Current guidelines recommend MRI as the preferred method to evaluate for acute infarction, ideally within 24 hours of symptom onset. Earlier imaging produces better results because the signal that MRI detects can fade over time. If your hospital can get you into an MRI scanner quickly, it provides the clearest picture of what happened in your brain. When MRI isn’t available right away, some patients are transferred to a facility with advanced imaging capability, or an outpatient MRI is arranged within 24 hours.
This matters because the modern definition of TIA has changed. It’s no longer defined purely by how long symptoms last. The American Heart Association now defines a TIA as “a transient episode of neurological dysfunction caused by focal brain, spinal cord, or retinal ischemia without infarction.” In other words, if imaging shows permanent brain tissue damage, the event is reclassified as a stroke, even if symptoms resolved quickly. MRI is the tool that makes this distinction possible.
What to Expect During the Workup
In most emergency departments, the sequence follows a predictable pattern.

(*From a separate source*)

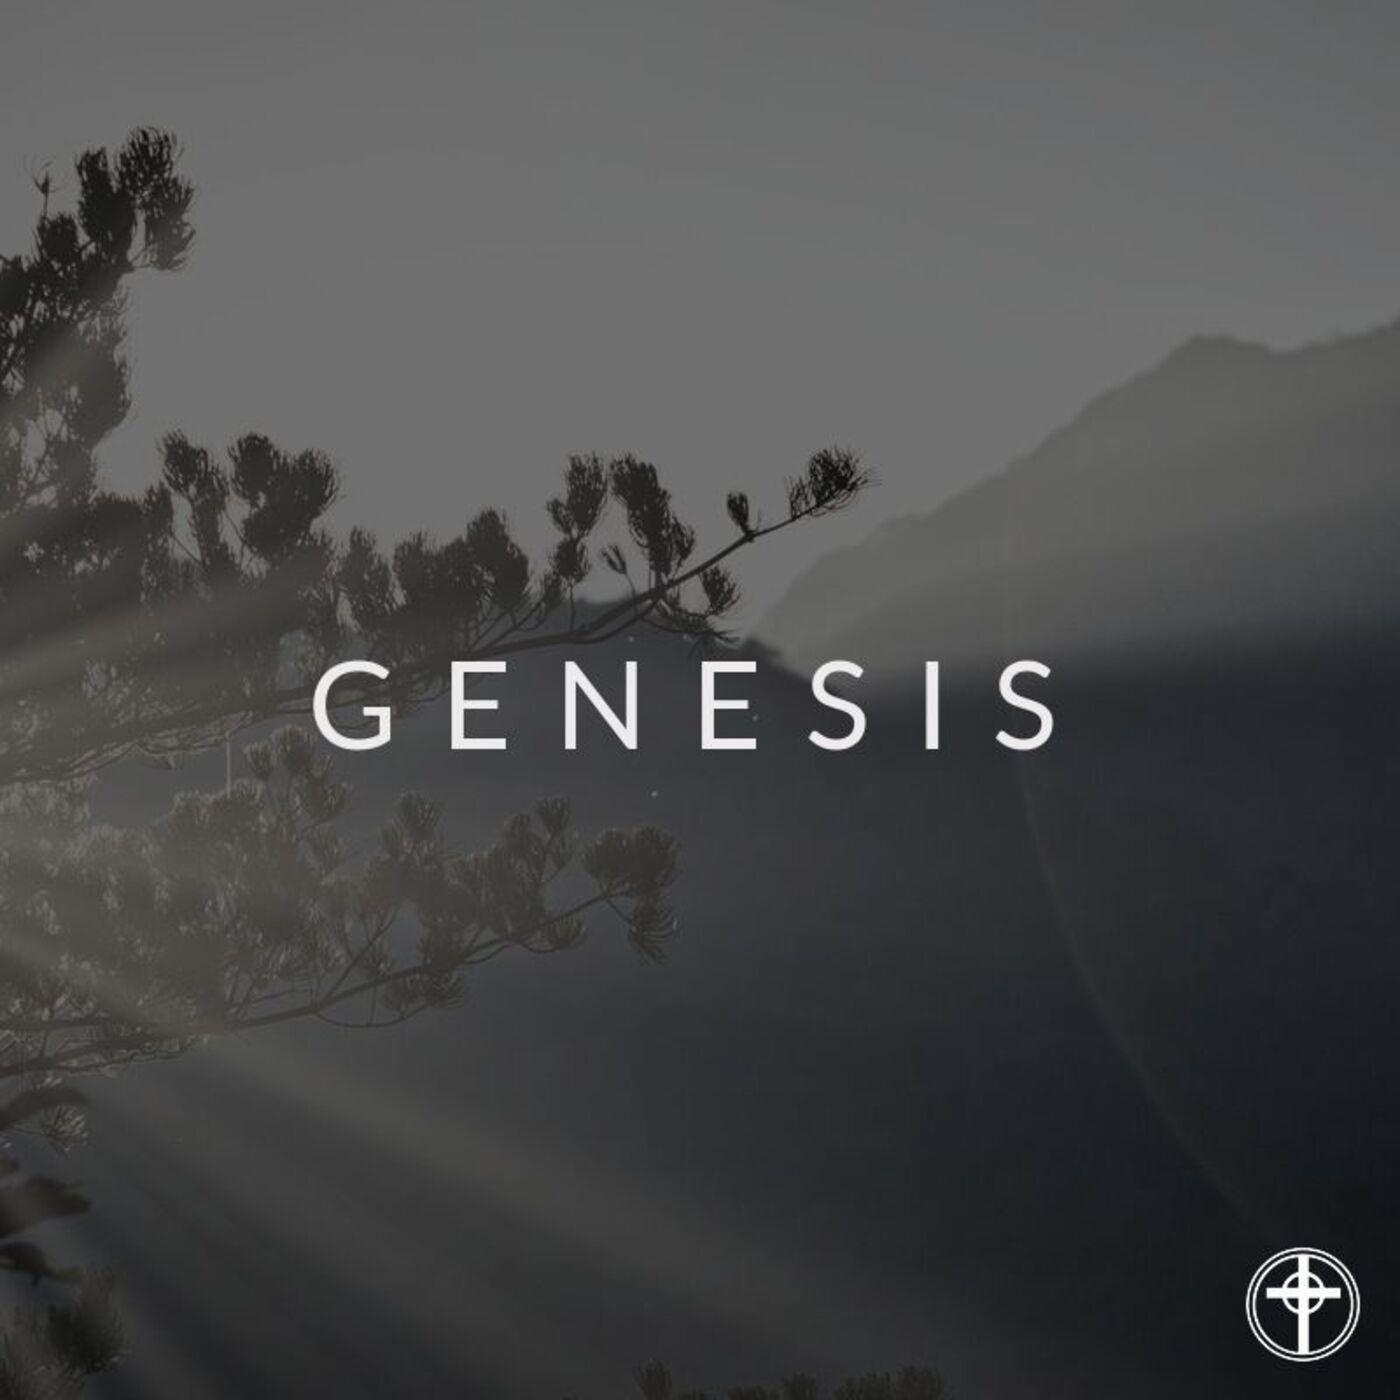 Genesis - Blessed Intervention - Genesis 49:1-12
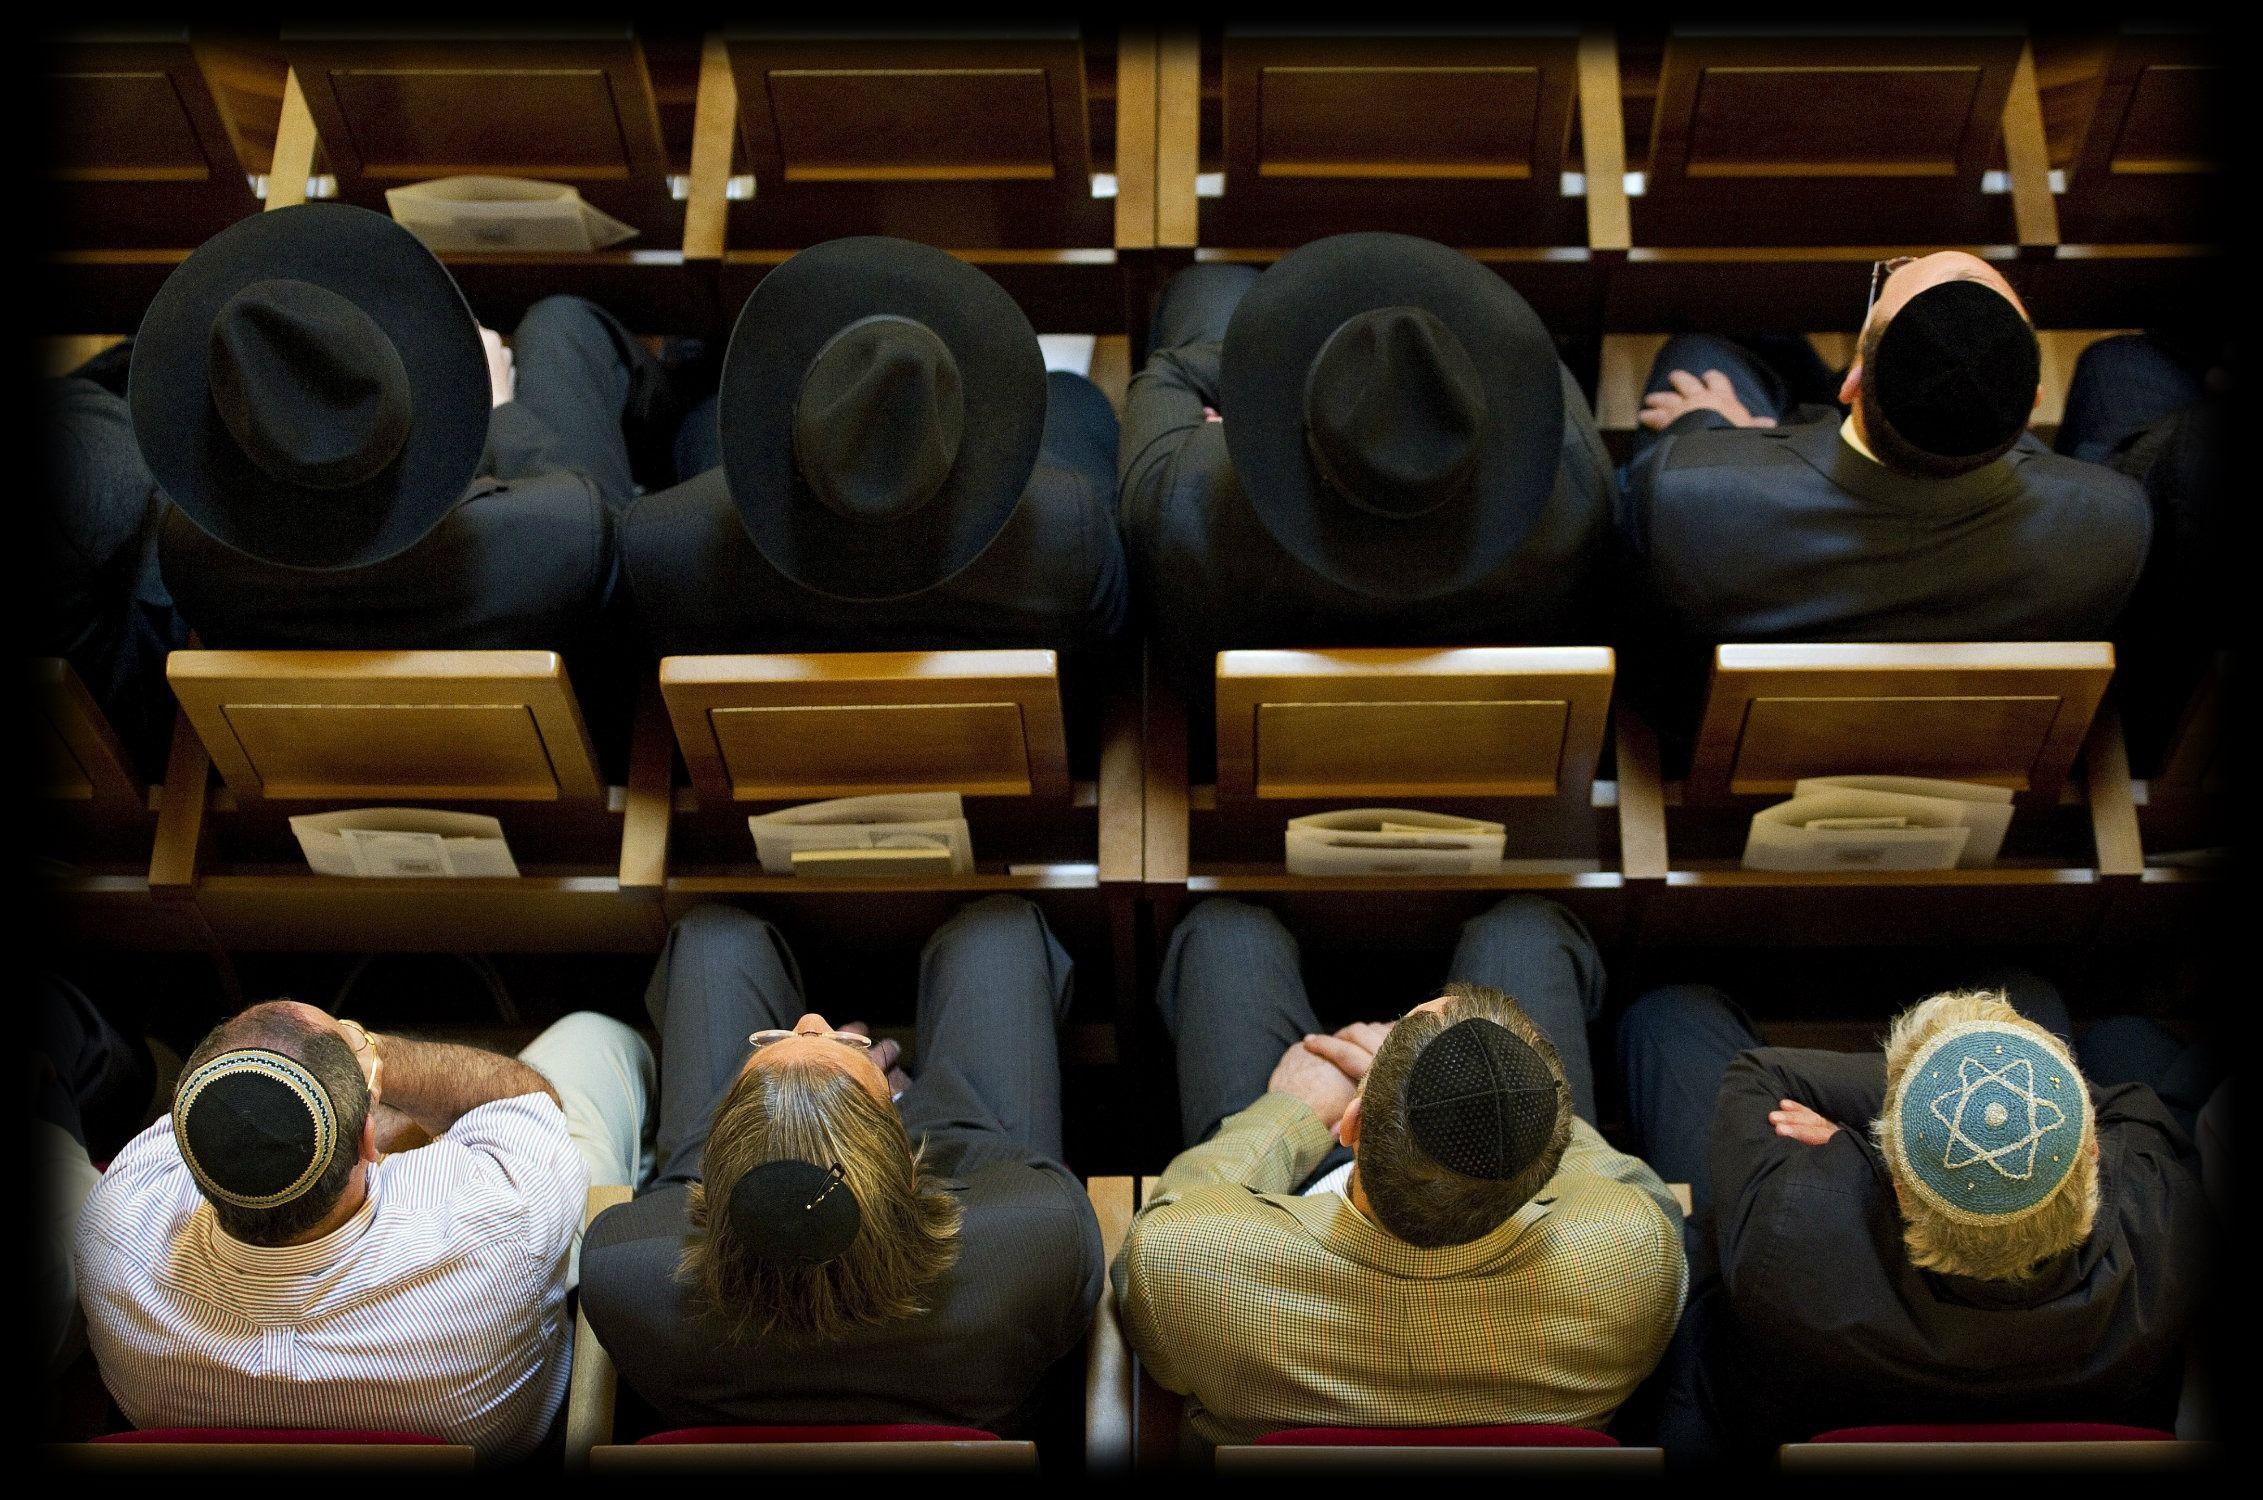 An Unorthodox Secret: How Chabad Fills Pews With Jews

You’ll get a non-contrast CT first, often within minutes of arrival. If that scan is normal and TIA is still suspected, a CT angiogram is frequently added to check for arterial narrowing. Blood tests, heart rhythm monitoring, and a neurological exam happen alongside the imaging.
An MRI may be ordered during the same visit or scheduled within the next day. The timing depends on your hospital’s resources and how recently your symptoms occurred. Some emergency departments have MRI readily available; others rely more heavily on the CT and CTA combination for initial decision-making, with MRI to follow.
The overall goal is speed. TIA is a warning event. Within 90 days, roughly 10% to 15% of TIA patients will have a full stroke, with the highest risk concentrated in the first 48 hours. Imaging helps determine why the TIA happened, whether it’s a narrowed artery, a heart rhythm problem sending clots to the brain, or another vascular issue, so that treatment can start before a stroke occurs.